Thirty years ago, I was invited to interview for a place at Oxford University. I travelled down from my hometown of Liverpool and at the allotted time entered a fusty room at a storied college. Inside, sitting around a horseshoe table, were seven men. As the interview progressed it became clear that, like the seven dwarves, they each displayed a defining characteristic. One was barely awake, one smiled continuously, one asked the hard questions and so on. It was good cop, bad cop cubed. (Minus one to be exact, because this was after all a maths interview). To this day I recall with anguish the killer question, the one that tripped me up. “What’s your favourite theorem?”.

I froze and after a few long seconds I blurted out something inconsequential. Happy’s smile turned to a smirk, Sleepy grunted and Doc moved the interview on.

It took many years for me to finally identify my favourite theorem.
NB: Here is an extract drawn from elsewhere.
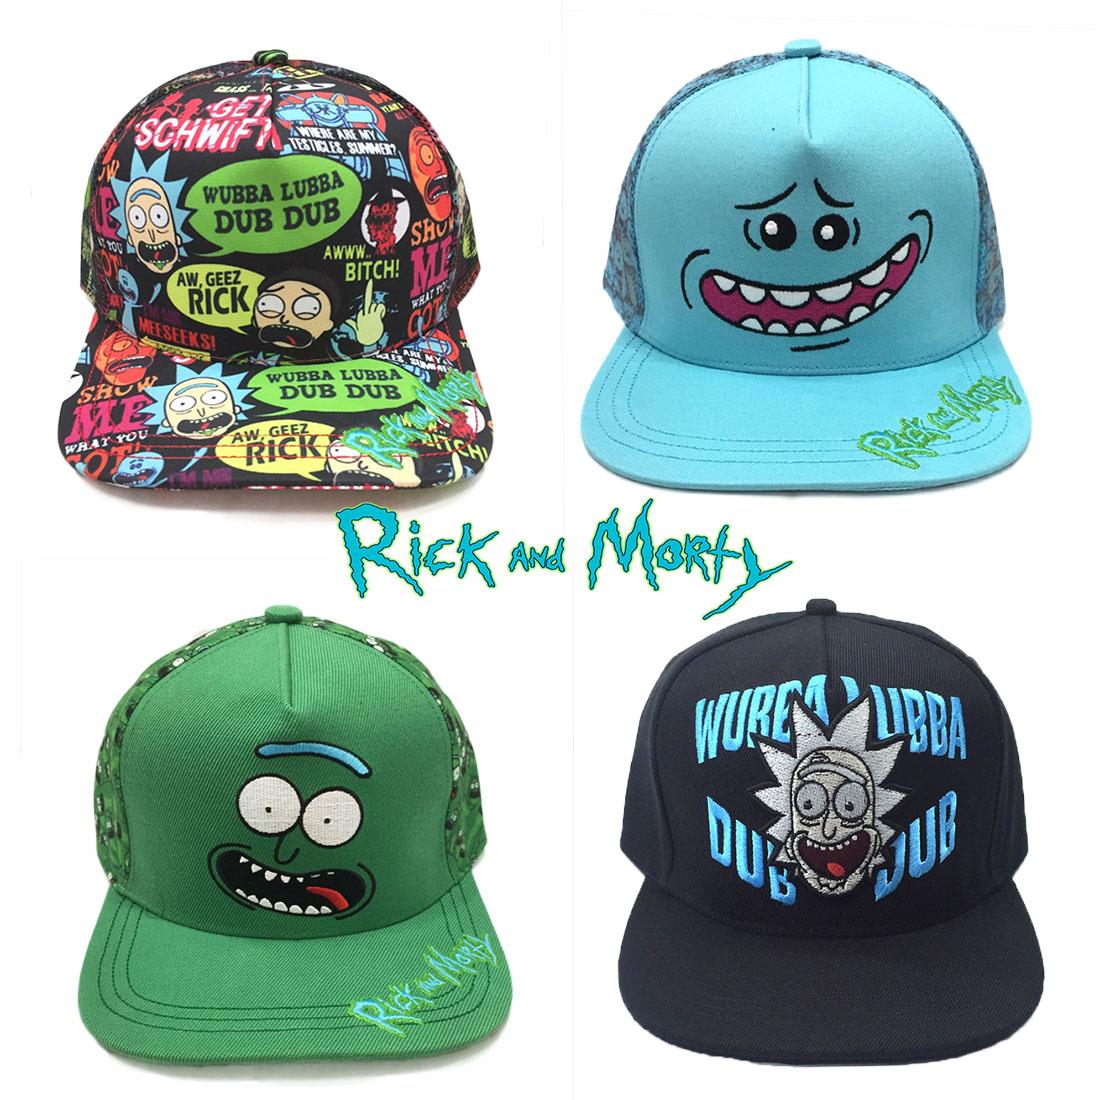 Pickle Rick Costume Hat Rick And Morty Cap Hats 2019  9e1fc18a1f46

Thomas Bayes was an eighteenth-century English minister with interests in theology and mathematics. On his death in 1761 a manuscript he’d written passed into the hands of his friend Richard Price. The manuscript included the basis for an essay that was published two years later. The essay was about probability. While the probabilistic link between cause and effect had been worked over by other mathematicians, until Bayes no-one had figured out how to solve the inverse question – what can we tell about the cause of something from its effect? Bayes’ idea was to harness observations about the world to say something about the past, to varying degrees of confidence. Conceptually his idea addresses how we should adjust our estimates of probabilities when we encounter new data that influence a situation.
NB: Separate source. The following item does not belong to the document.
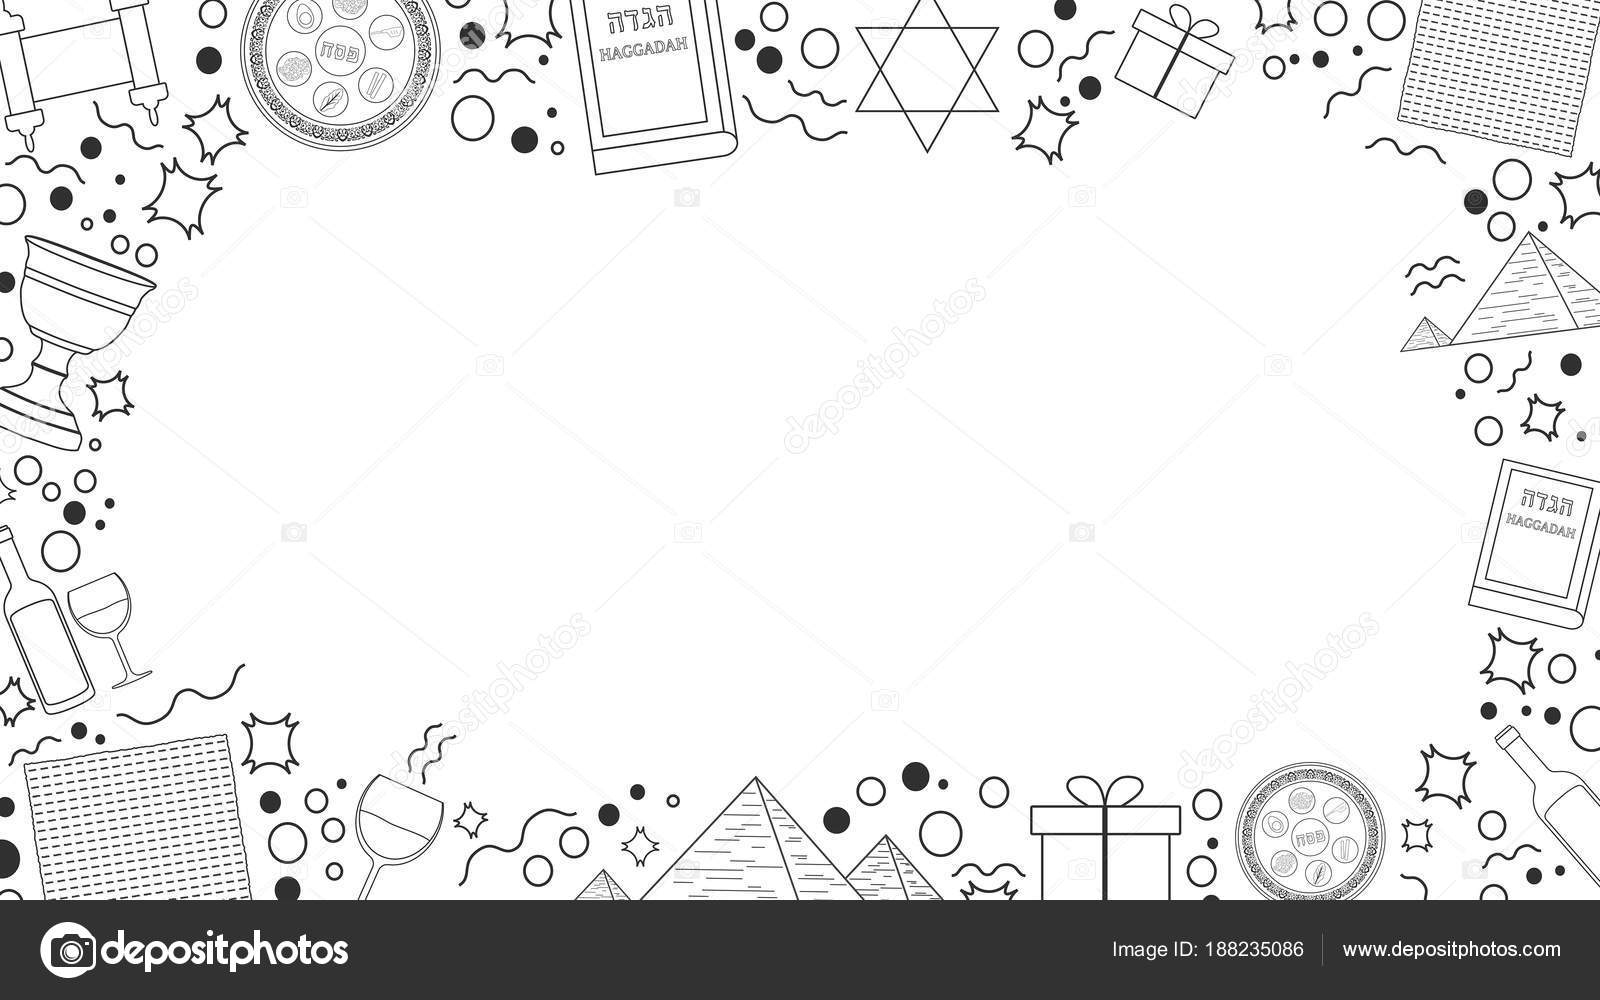 Marco con iconos de Pascua día de fiesta diseño plano línea fina ...

In shorthand the idea is this: Initial Belief + New Data –> Improved Belief.

Or, as the terms went on to become known: Prior + Likelihood of new observation given competing hypothesis –> Posterior.

Framed like that, the idea is completely intuitive. Bayes’ friend Richard Price presented the example of a person who emerges into the world and sees the sun rise for the first time. Initially, he doesn’t know whether this is typical or some sort of freak occurrence. However, each day he witnesses the sun rise again his confidence increases that it is a permanent feature of nature. Gradually, through this purely statistical form of inference, the probability he assigns to his prediction that the sun will rise again tomorrow approaches 100 percent. It never reaches precisely 100 percent but it gets close.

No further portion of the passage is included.